### Input data
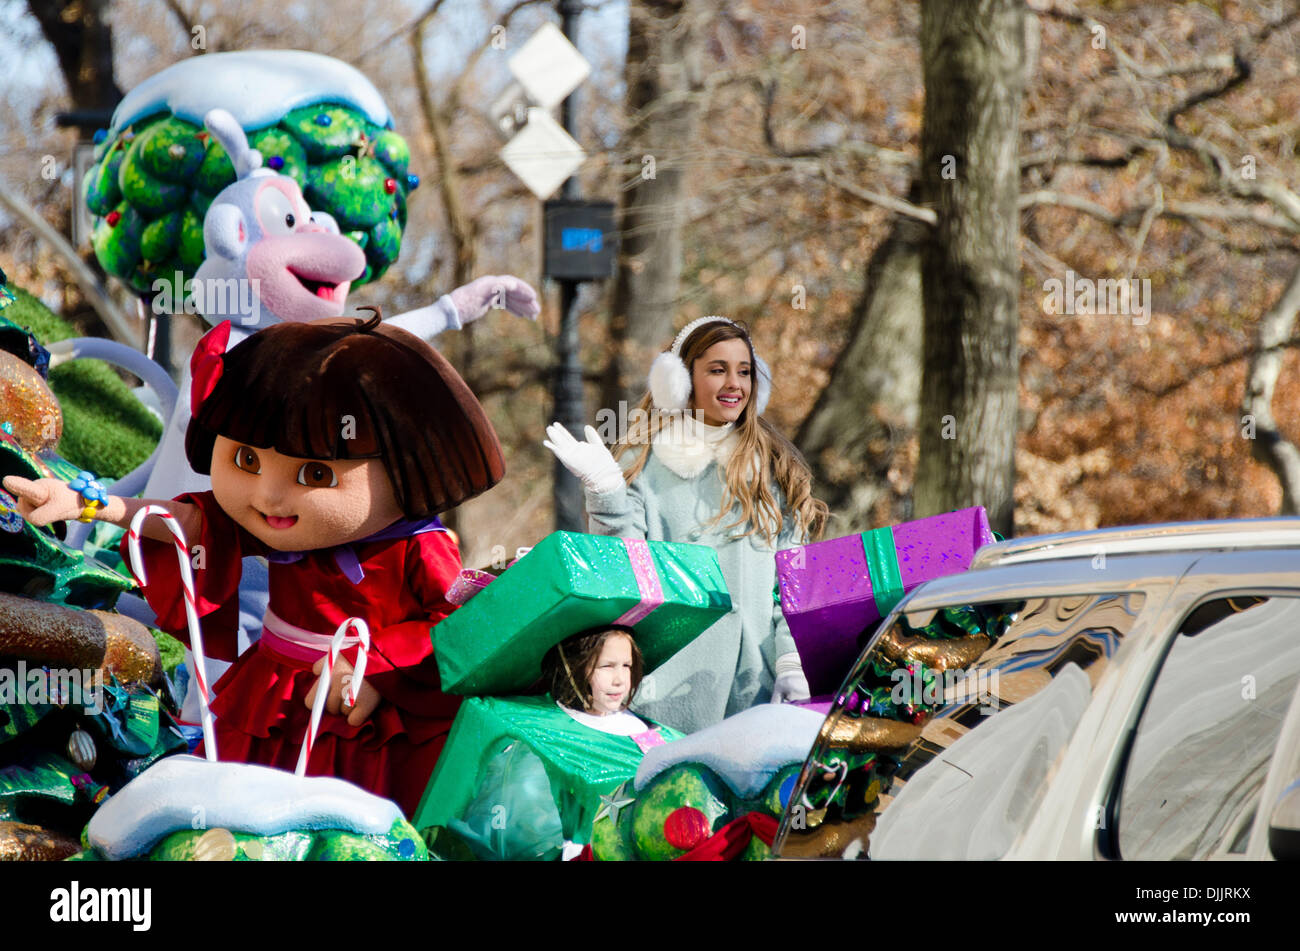 NEW YORK, NY, USA, le 28 novembre 2013. Ariana Grande courbes du Dora the Explorer flotter dans le 87e rapport annuel de Macy's Thanksgiving Day Parade. Crédit : Jennifer Booher/Alamy Live News Banque D'Images
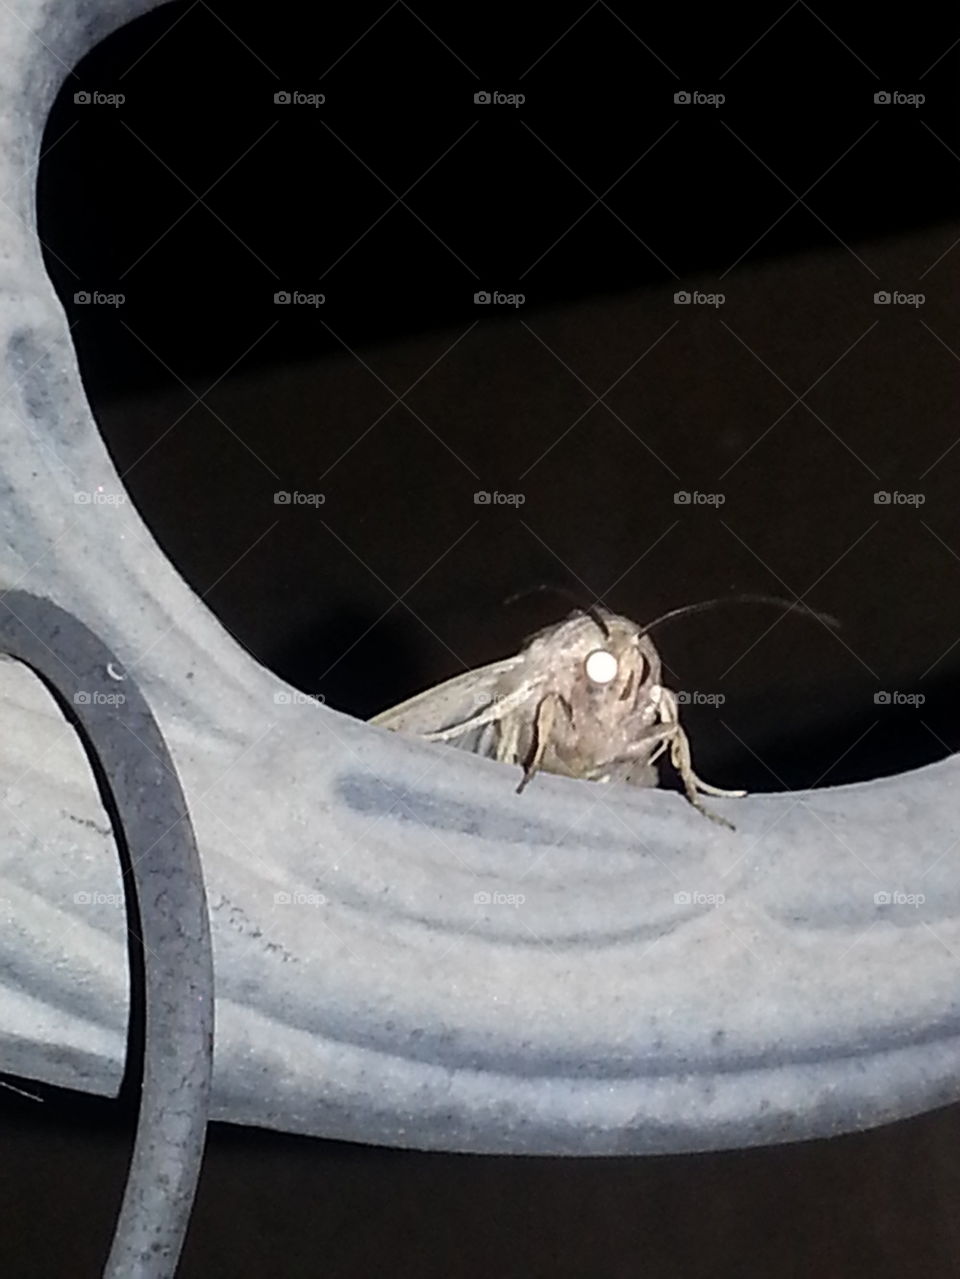 Moth at night
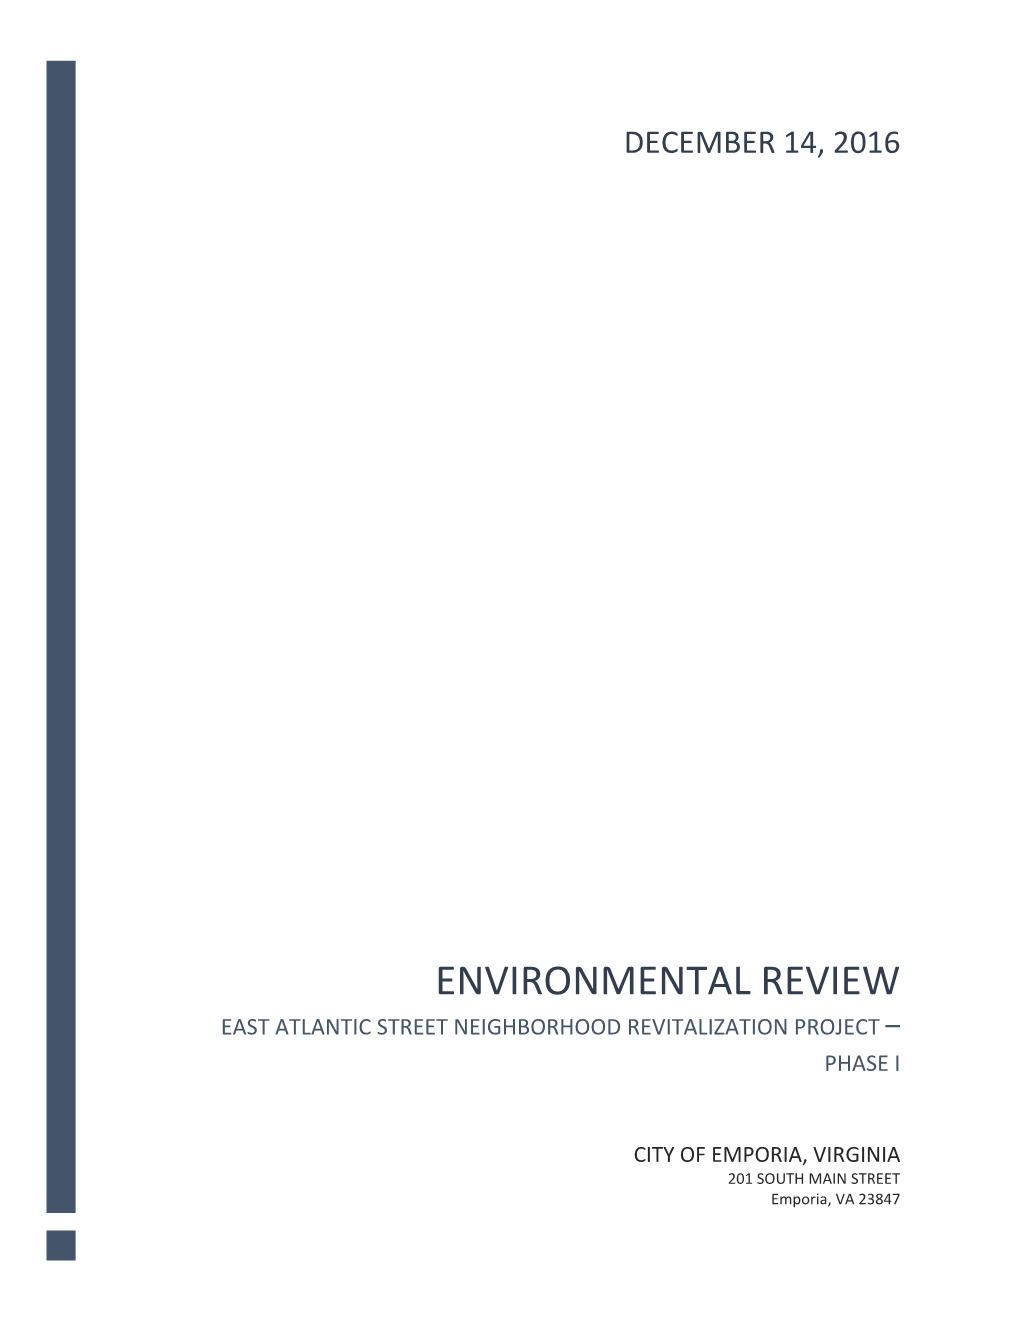 East Atlantic Environmental Review

### Directions
Print each line above exactly as it appears, excluding all images.

### Output of the exercise
 NEW YORK, NY, USA, le 28 novembre 2013. Ariana Grande courbes du Dora the Explorer flotter dans le 87e rapport annuel de Macy's Thanksgiving Day Parade. Crédit : Jennifer Booher/Alamy Live News Banque D'Images
 Moth at night
 East Atlantic Environmental Review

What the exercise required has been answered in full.